• What is needed:
Return exactly the lines of the records below, starting at the line that contains "Black Roman Numerals" and ending at the line that contains "15-Jewel Waltham", with both of those lines kept.

• Excerpted data:
------------------------------------------------------------------------

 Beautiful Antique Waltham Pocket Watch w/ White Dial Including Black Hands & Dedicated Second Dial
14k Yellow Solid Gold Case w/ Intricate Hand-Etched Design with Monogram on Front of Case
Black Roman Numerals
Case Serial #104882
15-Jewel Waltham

------------------------------------------------------------------------

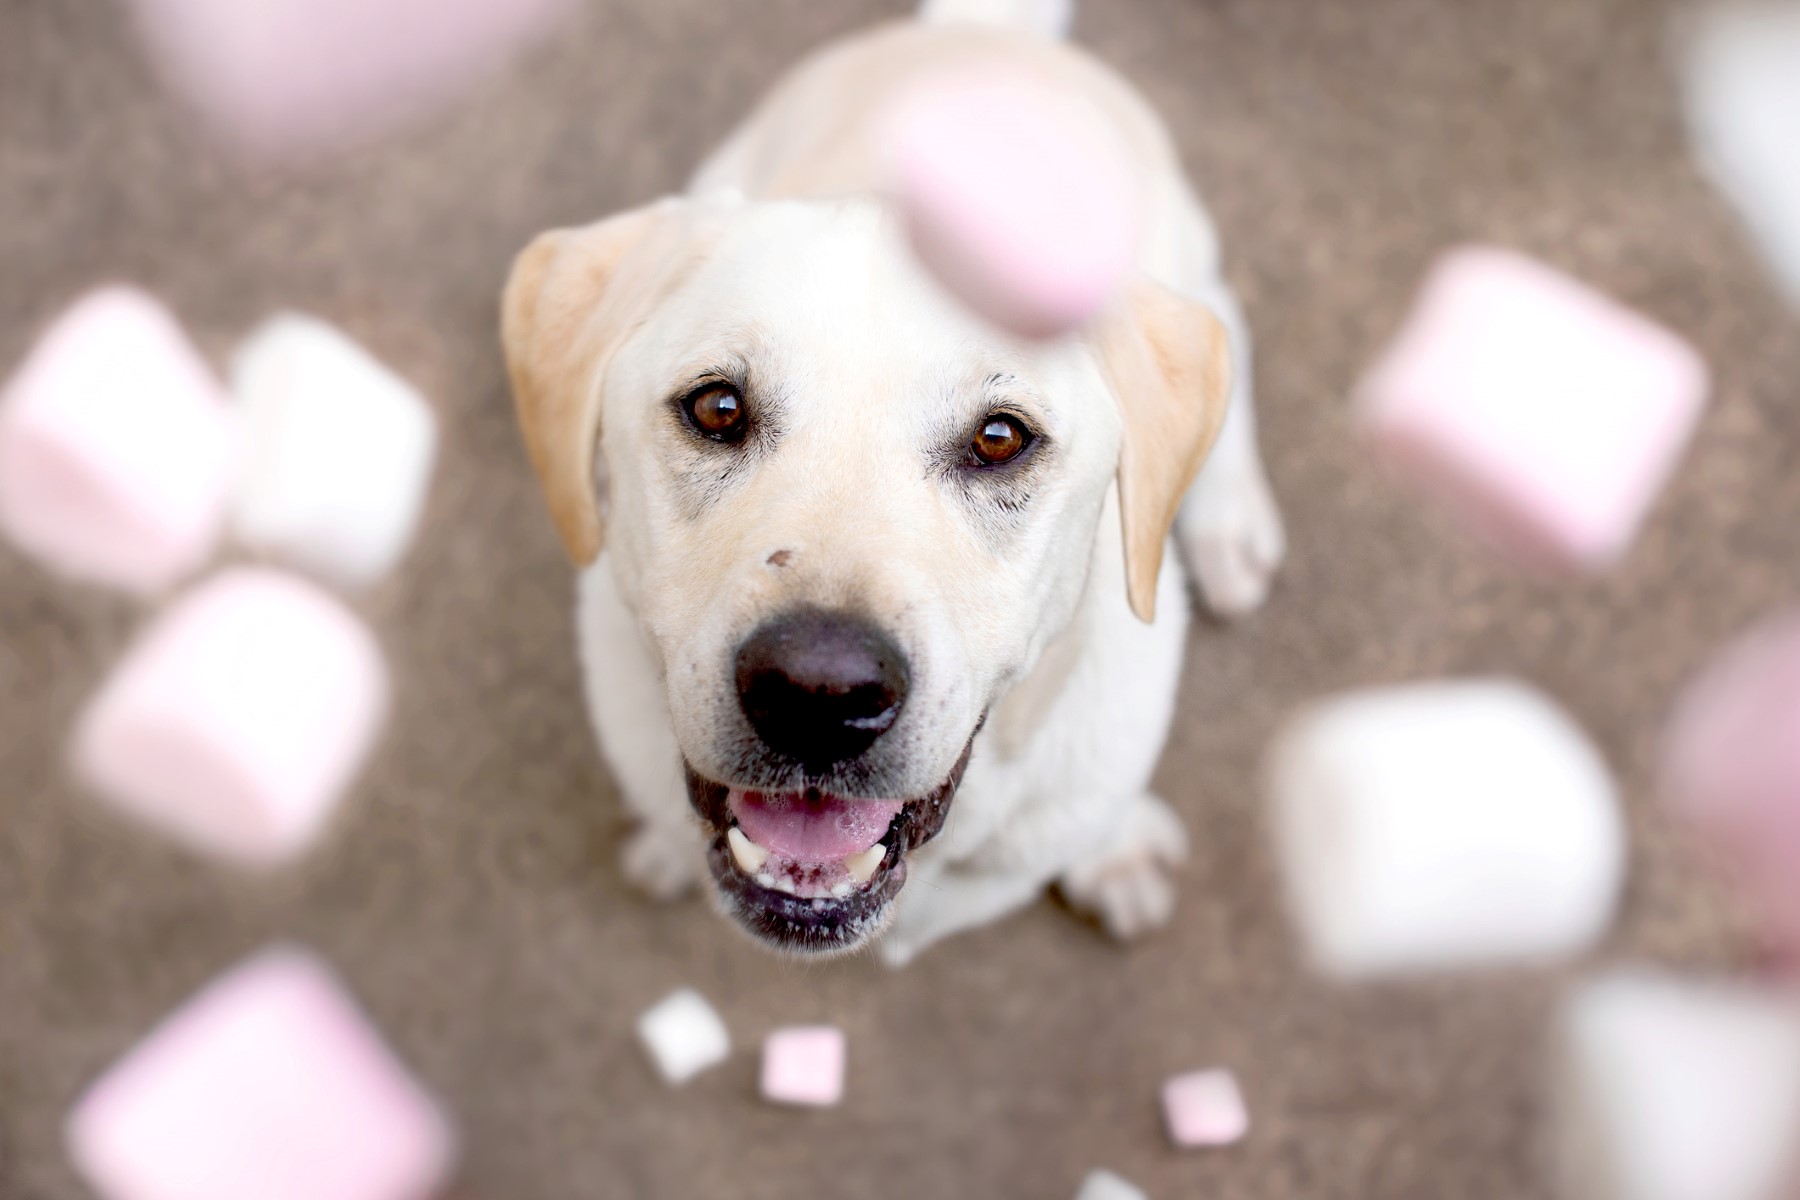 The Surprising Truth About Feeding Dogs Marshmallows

------------------------------------------------------------------------

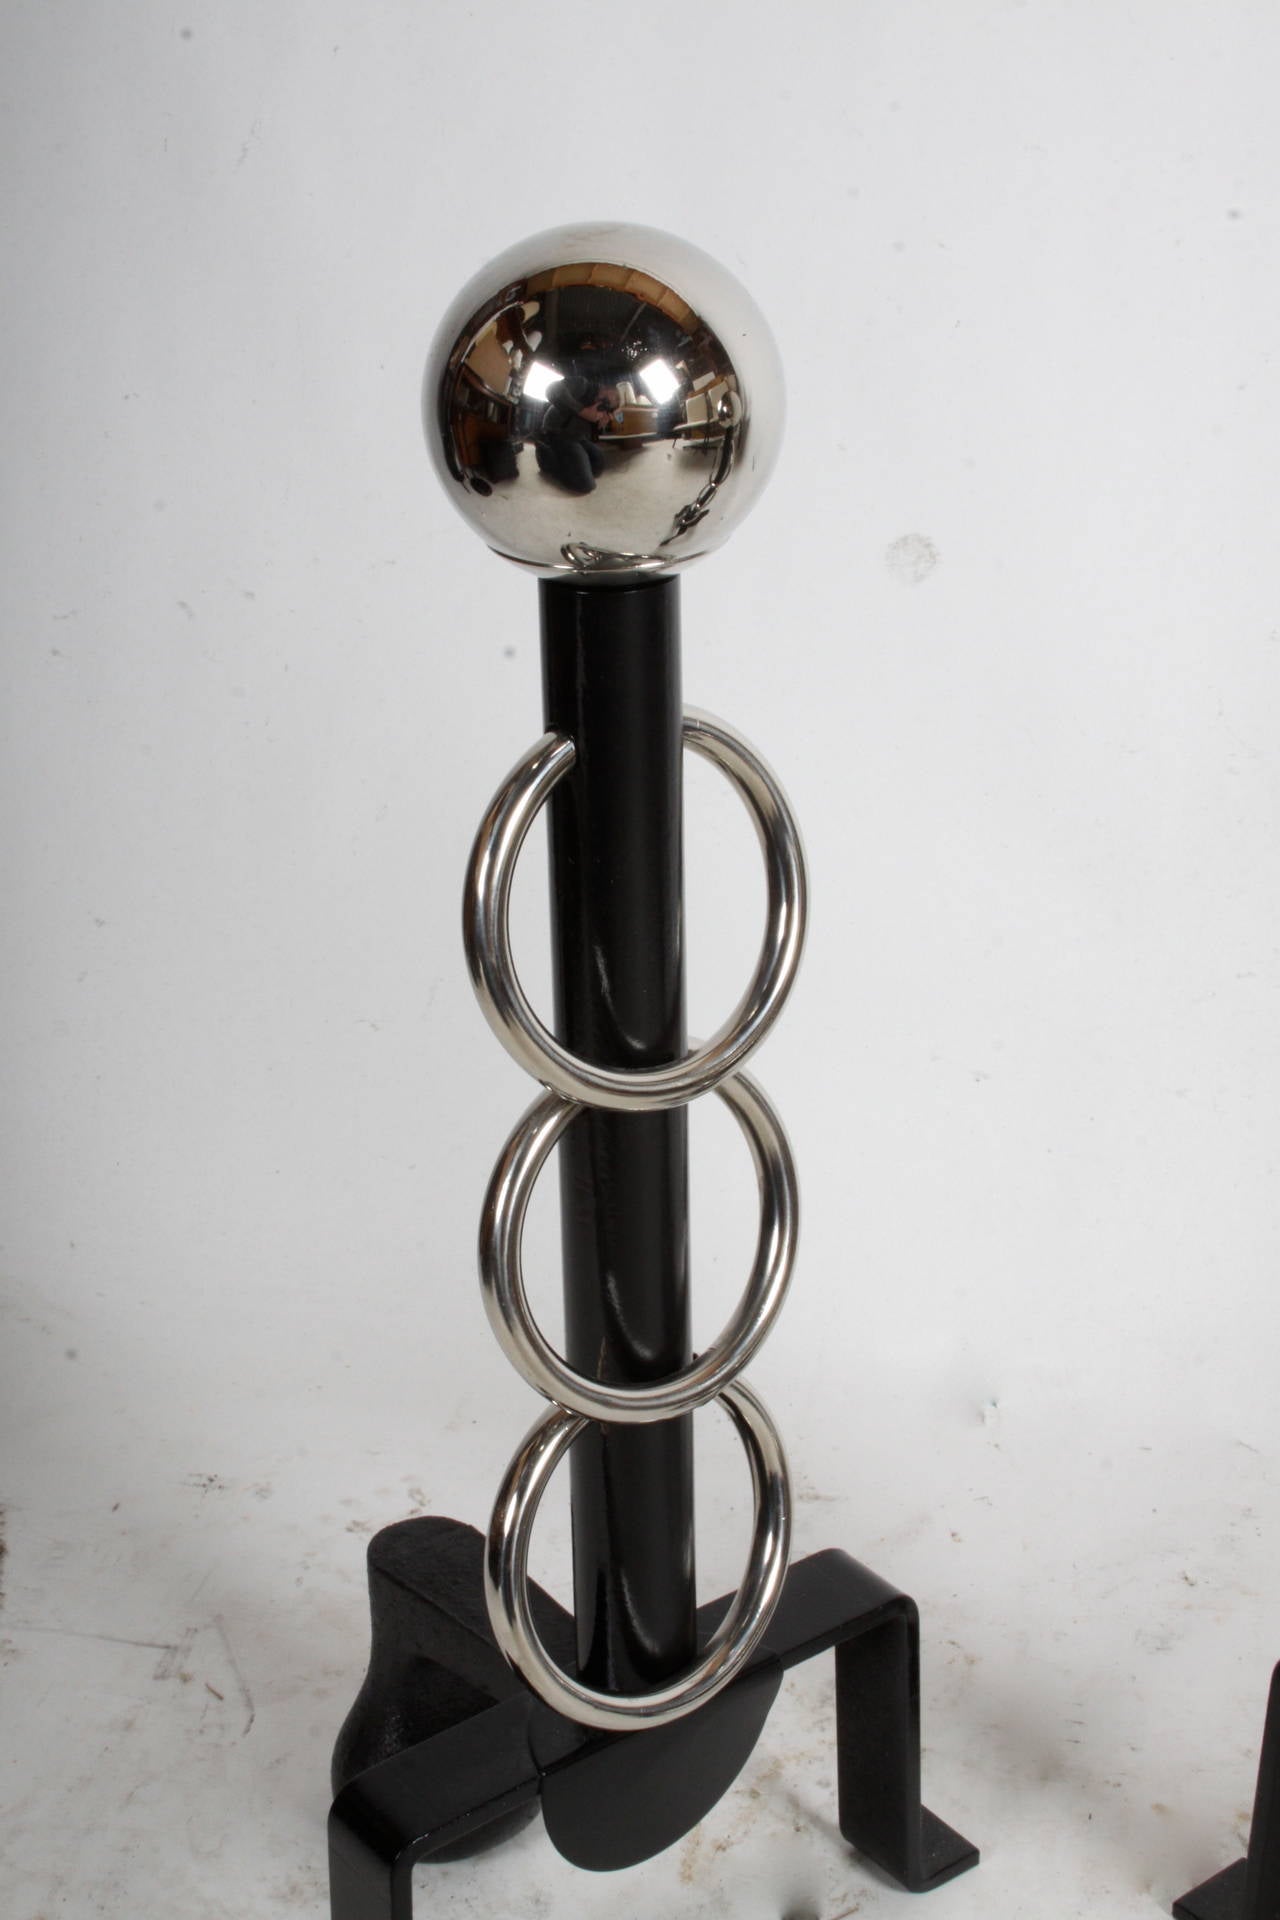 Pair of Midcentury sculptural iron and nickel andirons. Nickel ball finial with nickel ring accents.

------------------------------------------------------------------------

• Finished exercise:
Black Roman Numerals
Case Serial #104882
15-Jewel Waltham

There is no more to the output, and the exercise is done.